BEST NORTH OF THE WALL WARDROBE CHANGE: JORAH MORMONT
Well, well: we got ourselves a fancy boy north of the wall with Mormont, don’t we? Jorah wears what can only be described as a fur-xedo on his journey north. Jorah definitely is the guy that brings a leather toothbrush carrier camping.
WORST NORTH OF THE WALL WARDROBE CHANGE: DAENERYS
You’re riding a giant, fire-breathing dragon; I don’t think the camouflage is doing you much good, Dany. Speaking of…
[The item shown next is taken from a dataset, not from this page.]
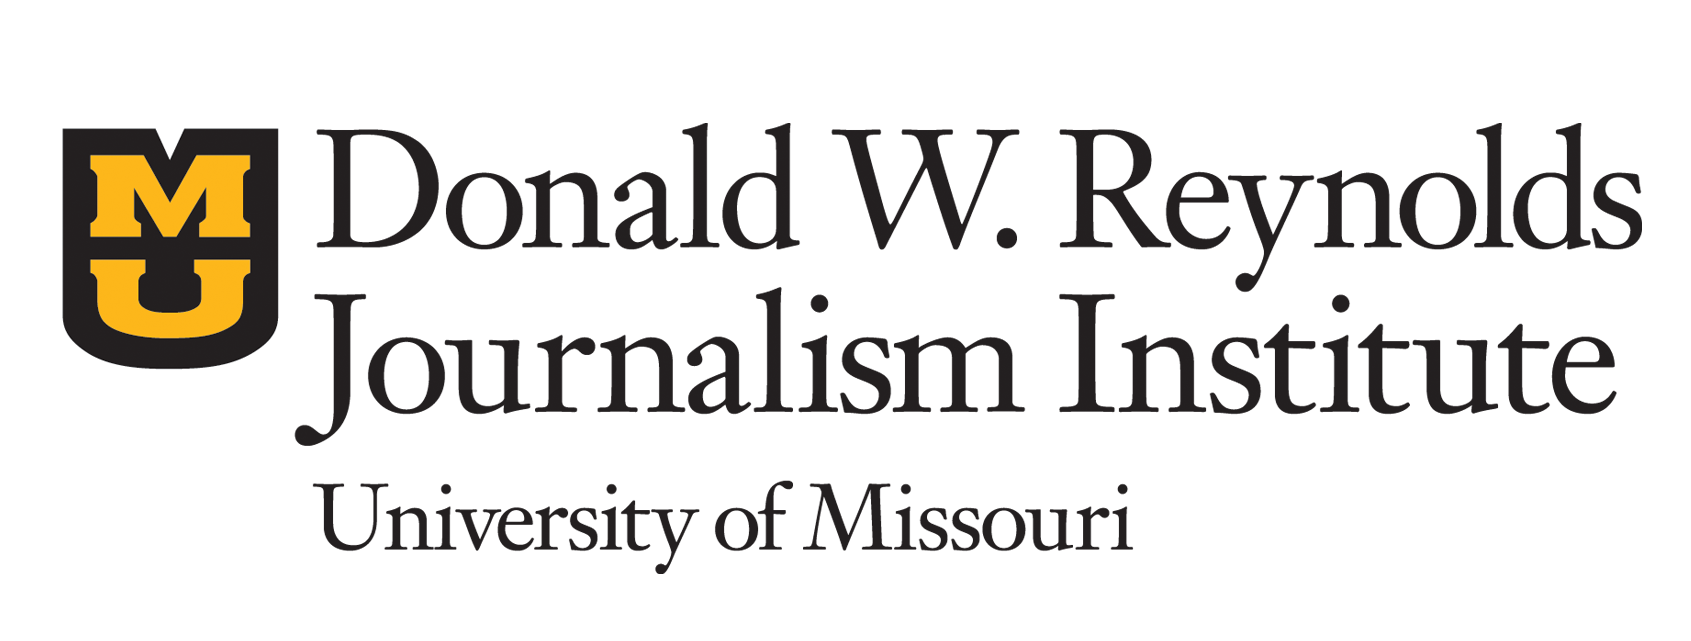 RJI logo

MOST AWKWARD NICKNAMING CEREMONY: ‘DANY’
It’s not that we’re not buying into the incesty-but-they’re-attractive-so-it’s-okay romance of Jon Snow and Daenerys. The scene itself was quite endearing…it’s just a stretch to imagine Jon Snow giving a nickname to anyone? It’s not like Davos is ‘Davy’, y’know? Ygritte was Ygritte until she took that arrow to the throat. It just seems like an artificial way for a character like Jon to show affection. Wouldn’t he be the kind to forge her a very thin sword she places a lot of emotional value onto?
MOST JAM-PACKED SEASON FINALE…NEXT WEEK’S
Three episodes short of a full season and with more plot to cover than ever before, next week’s Season 7 finale will find our three current monarchs (Daenerys, Cersei and Jon Snow) and their respective inner circles meeting around a corpse. Not to mention there’s now a zombie dragon floating around and an ice wall that’s just begging for a melting. It’s going to be a packed one!